Schlaganfall bei Kindern: Thrombektomie und standardisierte Abläufe etabliert
Ein Schlaganfall gilt als typische Erkrankung im höheren Lebensalter. Doch auch Kinder können betroffen sein – wenn auch selten. Die Neuroradiolog:innen des Universitätsklinikums Leipzig (UKL) führten allein im vergangenen Jahr 2 Thrombektomien bei Kleinkindern erfolgreich durch. Um für solche Ausnahmesituationen besser gerüstet zu sein, haben die beteiligten Ärzt:innen ihre Erfahrungen in einem Leitfaden gebündelt
Unspezifische Symptome erschweren frühe Diagnose
In Deutschland werden jährlich etwa 300 bis 500 Schlaganfälle bei Kindern diagnostiziert. Die Dunkelziffer dürfte deutlich höher sein, da die Symptome oft nicht als solche erkannt werden. Schlaganfälle zählen dennoch zu den 10 häufigsten Todesursachen im Kindesalter. Über die Hälfte der betroffenen Kinder behält bleibende Einschränkungen. Besonders bei Kleinkindern erschwert die unspezifische Symptomatik die schnelle Diagnose und wertvolle Zeit für eine erfolgreiche Therapie geht oft verloren.
Schnelle Reaktion ermöglicht erfolgreiche Behandlung eines 2-jährigen
Dass eine gezielte Therapie möglich ist, bewiesen die Mediziner:innen des UKL im vergangenen Jahr: Jun.-Prof. Dr. Cindy Richter entfernte bei 2 Kleinkindern erfolgreich Blutgerinnsel aus den Hirngefäßen – mithilfe spezieller, sehr feiner Katheter. Einer der Fälle betraf einen 2-jährigen Jungen aus Thüringen, bei dem dank aufmerksamer Eltern und Notfallsanitäter schnell ein Schlaganfallverdacht gestellt wurde. Die Diagnose erfolgte umgehend durch die Kinderradiologie, die Behandlung im engen Zeitfenster durch die Neuroradiologie. Heute geht es dem Kind gut, die Lähmungserscheinungen sind weitgehend zurückgegangen.
Interdisziplinäre Expertise ermöglicht standardisierte Akutversorgung
Erfolgreiche Schlaganfallbehandlungen bei Kindern erfordern ein koordiniertes Zusammenspiel mehrerer Fachdisziplinen. Am UKL arbeiten sieben verschiedene Bereiche eng zusammen – darunter Kinderradiologie, Neuroradiologie, Anästhesie und Pädiatrie. Das Klinikum gehört zu den wenigen Einrichtungen in Deutschland, die eine Thrombektomie bei Kindern durchführen können. „Anders als bei Erwachsenen gibt es kaum Erfahrungswerte, wir mussten uns dieses Wissen selbst erarbeiten“, betont Dr. Richter. Die Abläufe wurden inzwischen in einer standardisierten Arbeitsanweisung festgehalten.

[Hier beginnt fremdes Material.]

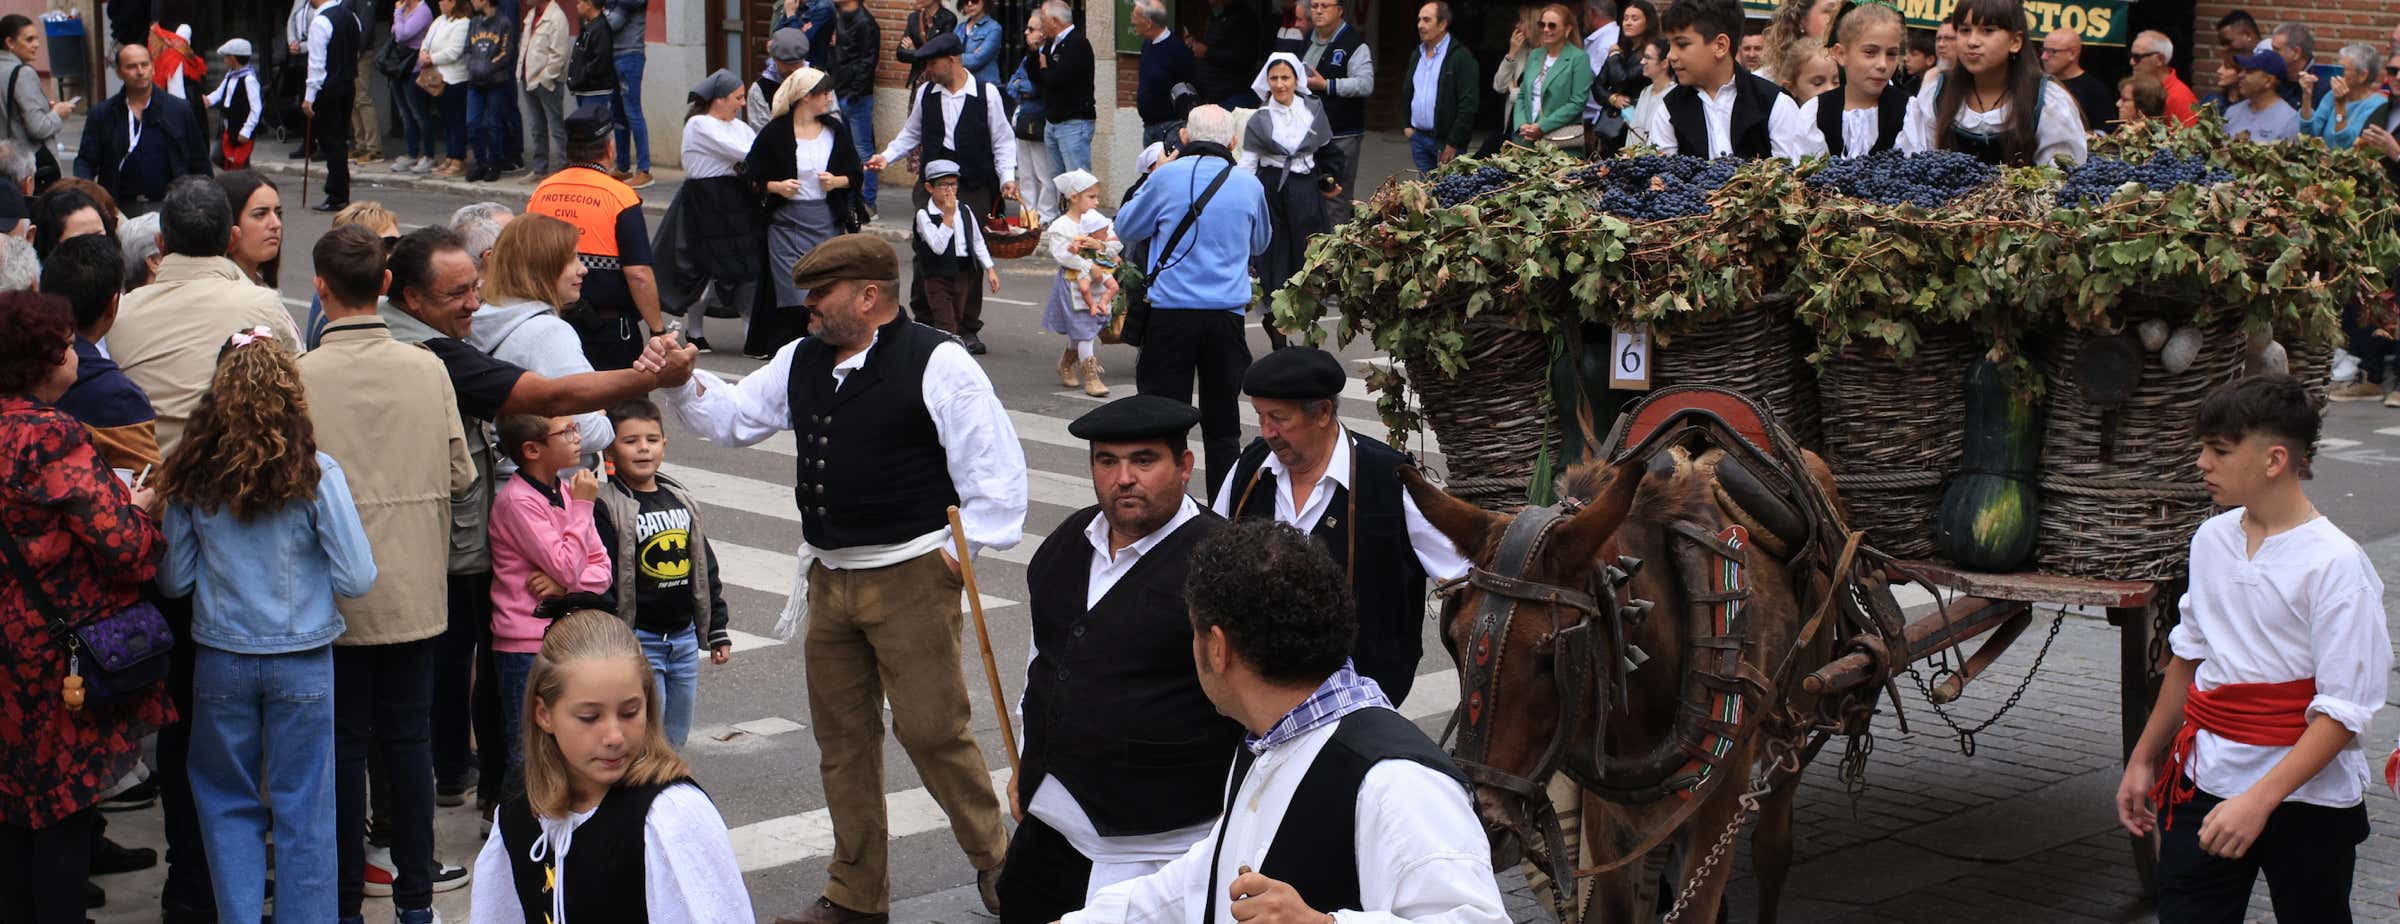 Η εικόνα δείχνει πολλούς εορτάζοντες ανθρώπους κατά τη διάρκεια της γιορτής κρασιού και της παρέλασης στο Toro. Ένα παραδοσιακό ξύλινο κάρο γεμάτο με σταφύλια και κολοκύθες σέρνεται από ένα γαϊδουράκι.

Alarmsymptome auch bei Kindern ernstnehmen
„Es ist uns wichtig, auf die seltene, aber reale Gefahr von Schlaganfällen bei Kindern aufmerksam zu machen“, sagt Dr. Siekmeyer. Besonders gefährdet sind Kinder mit angeborenen Herzfehlern, Gerinnungsstörungen oder Gefäßerkrankungen. Auch Infektionen des zentralen Nervensystems können Auslöser sein. Dr. Siekmeyers Appell an Eltern und medizinisches Fachpersonal: „Ziehen Sie bei entsprechenden Symptomen auch bei Kindern einen Schlaganfall in Betracht und wenden Sie sich schnell an ein spezialisiertes Zentrum.“ Nur so kann eine Behandlung im entscheidenden Zeitfenster erfolgen.